Rep. Raskin held different views on the status of immigration.
After Raksin’s opening statement, which heralded the economy and job numbers under Biden and argued that expediting paths to citizenship for illegal immigrants living in the U.S. would benefit the economy, he claimed that the GOP is not interested in bipartisan immigration reform.
“The political problem is that when it comes to working out common sense immigration policy solutions, Republicans driven by the extreme MAGA wing of their party have been systematically thwarting and derailing comprehensive efforts to improve our immigration system and strengthen border enforcement,” Raskin said.
Raskin accused Republicans of spreading “fear about a foreign invasion, dangerous paranoia, about the racist and anti-semitic Great Replacement mythology and disinformation about fentanyl, the vast amount which is brought into our country by American smugglers working for the international drug cartels and traveling through lawful points of entry.”
Border Patrol Agent Testimony
In their opening statements and responses to questions, CPB chiefs Chavez and Chief Modlin emphasized that their jobs, and those whom they oversee, are focused on interdiction of those attempting illegal entry into the United States.
The agents said that their involvement with the migrants takes place within a period of 24 to 72 hours after apprehension and involves a significant humanitarian component, including making sure the migrants receive food, access to a shower, and any needed medical attention or clothing.
Indeed, with the rapid and dramatic rise of illegal immigration, the CPB estimates that 60 percent of the work of its agents has become humanitarian.
Following completing its duties, CPB Border Patrol turns the migrants over to the CPB Office of Field Operations (OFO).
In addressing and questioning Chief Patrol Agent John Modlin, Rep.

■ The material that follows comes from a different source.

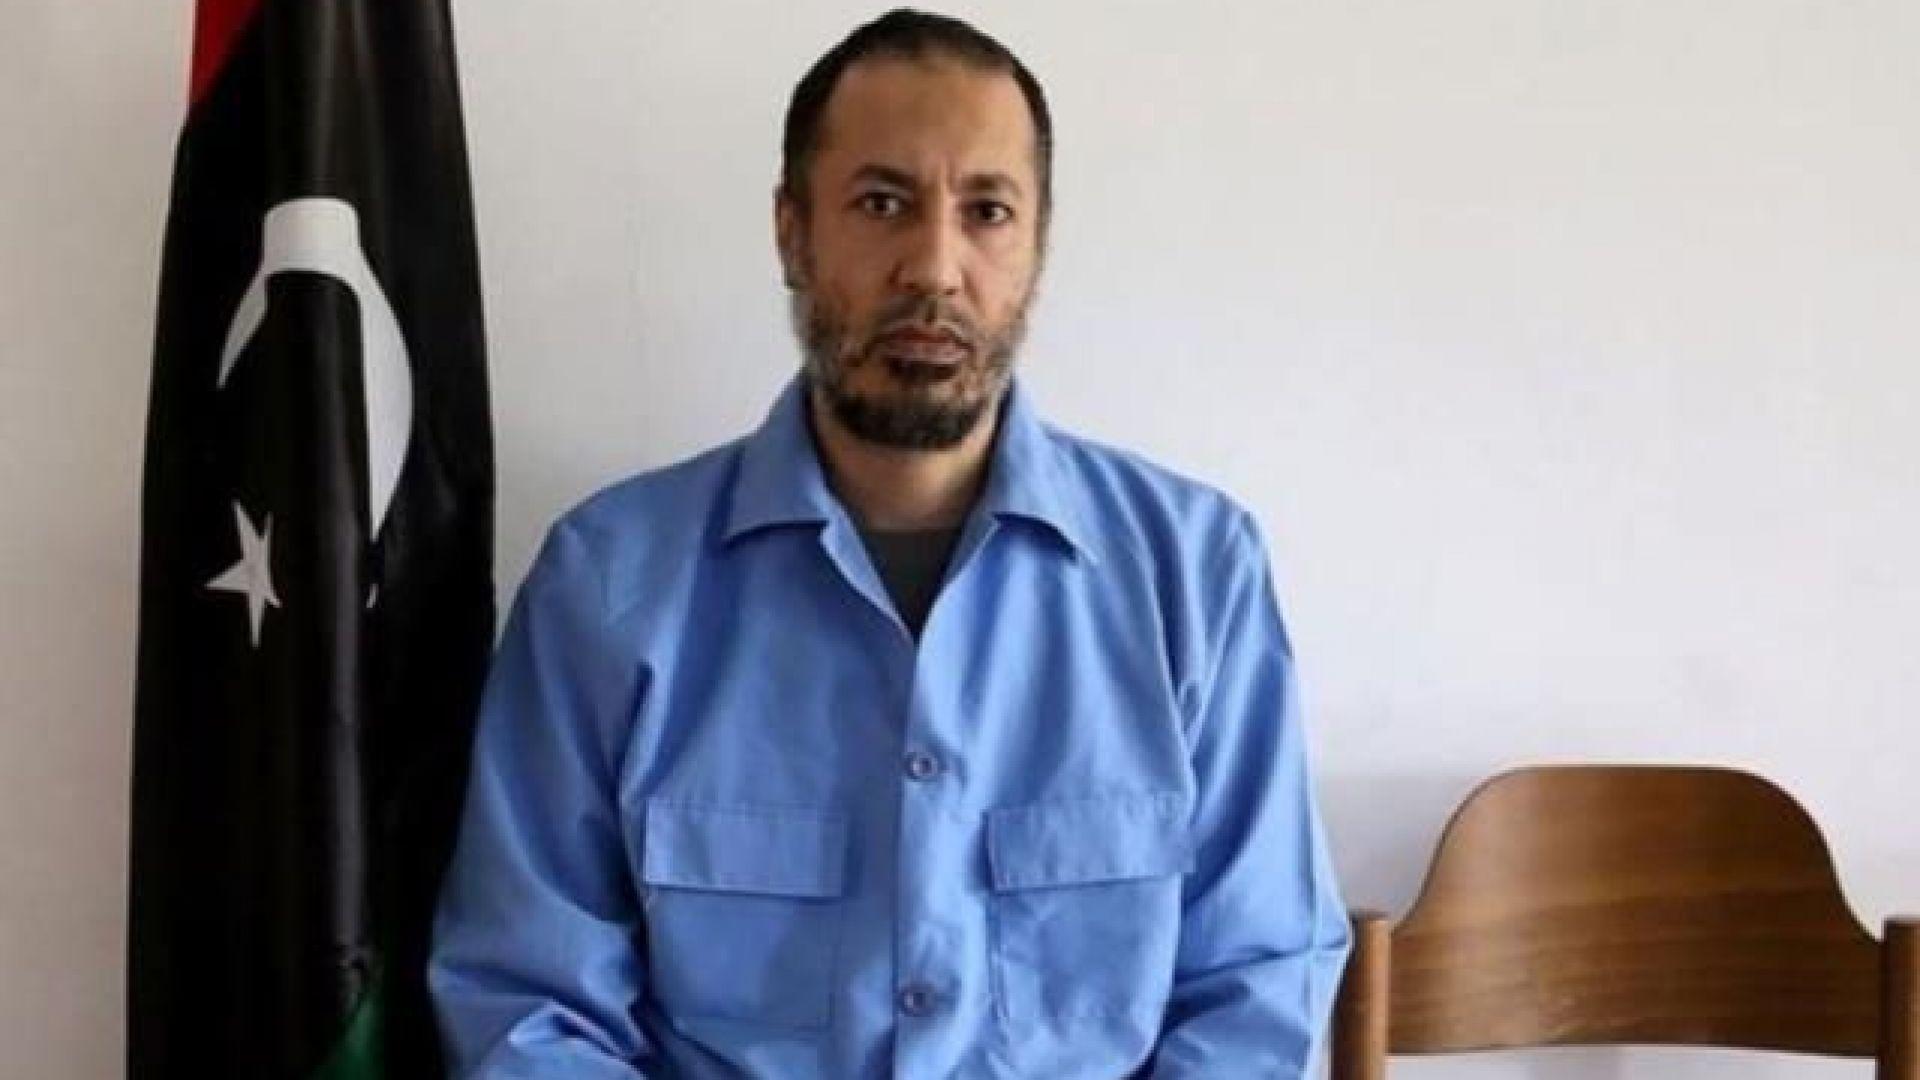 Саади Кадафи, един от синовете  на Муамар Кадафи, се намира в Турция

Nick Langworthy (R-N.Y.) noted that in the first three months of the fiscal year 2023, an estimated 7,000 aliens a day were trying to pass illegally into the country.
“Chief Modlin, how has the unprecedented flow of illegal immigration impacted U.S. Border Patrol’s ability to maintain operational control of the southern border?” asked Langworthy.

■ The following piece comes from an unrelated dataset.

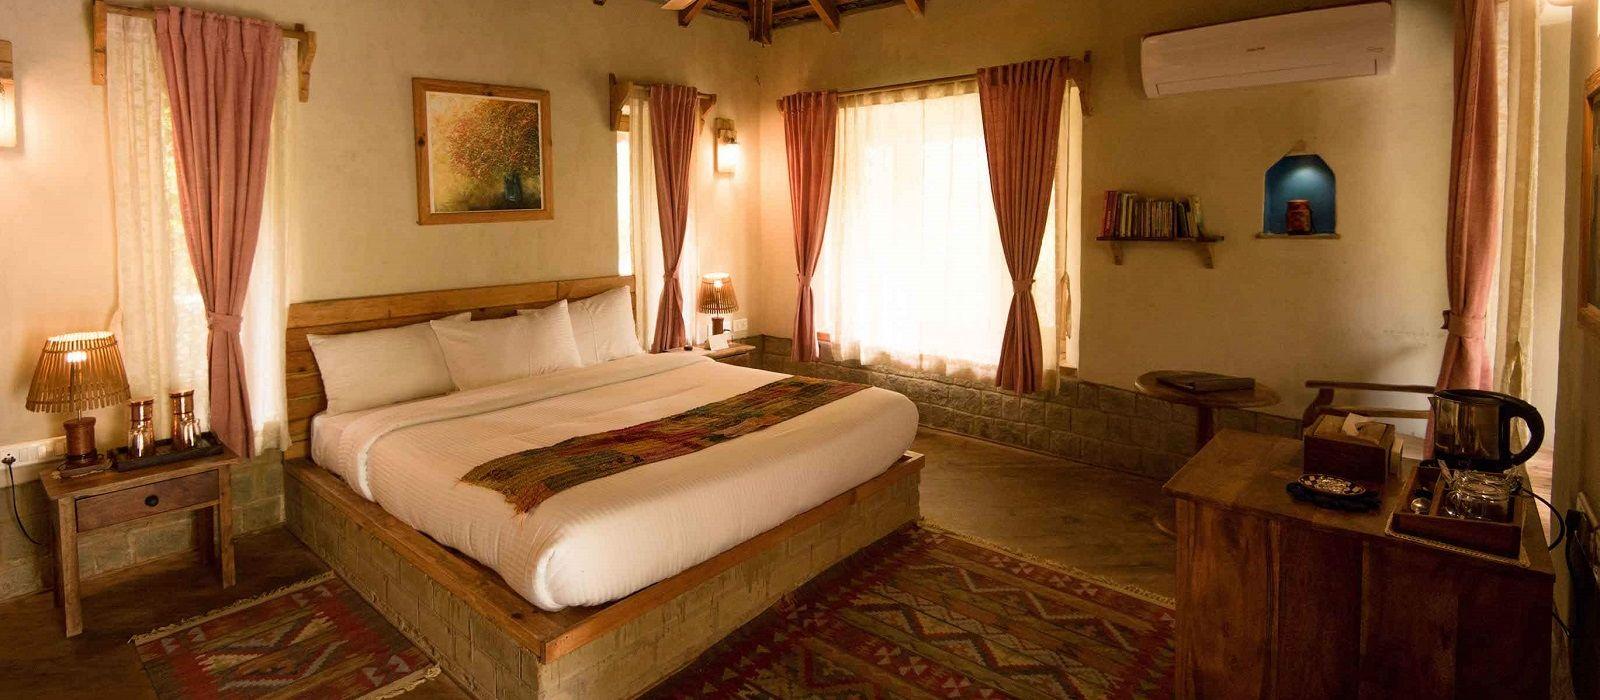 Hotel The Lodge at Wah Nordindien

Modlin responded, “When the flow of migrants across the border increases the way it does, there is a compounding amount of things that happen—one, certainly, in my sector, in the Tucson sector, because of the very extreme terrain we deal with, agents are called upon to make rescue.
“So an agent, literally in a matter of seconds, can go from an enforcement action to now rescuing someone—you know, performing on, whatever that happens to be. You have just the great distances within my sector that cause us to deal with these large groups and takes away from the border security mission.”
Rep. Eleanor Holmes Norton (D-D.C.) asked Chief Patrol Agent Gloria Chavez, “How does extreme rhetoric, including rhetoric used by lawmakers, make your work, and that of agents, more challenging?”
“I think of when I’m out there, with our agents, and we focus on the mission, and we do the job that we do everyday, encountering migrants on the ground,” responded Chavez. “The relationship that exists between those agents and encountering those migrants, it’s one of those relationships that no one will ever understand.
“Because those migrants, they see that agent for the first time, many of them on their journey—this is the first time they get the assistance and the help that they need from a law enforcement officer—from days and weeks, maybe even months, on a long journey.
“So they’re very helpful, they’re very happy, to have seen that agent for the first time.”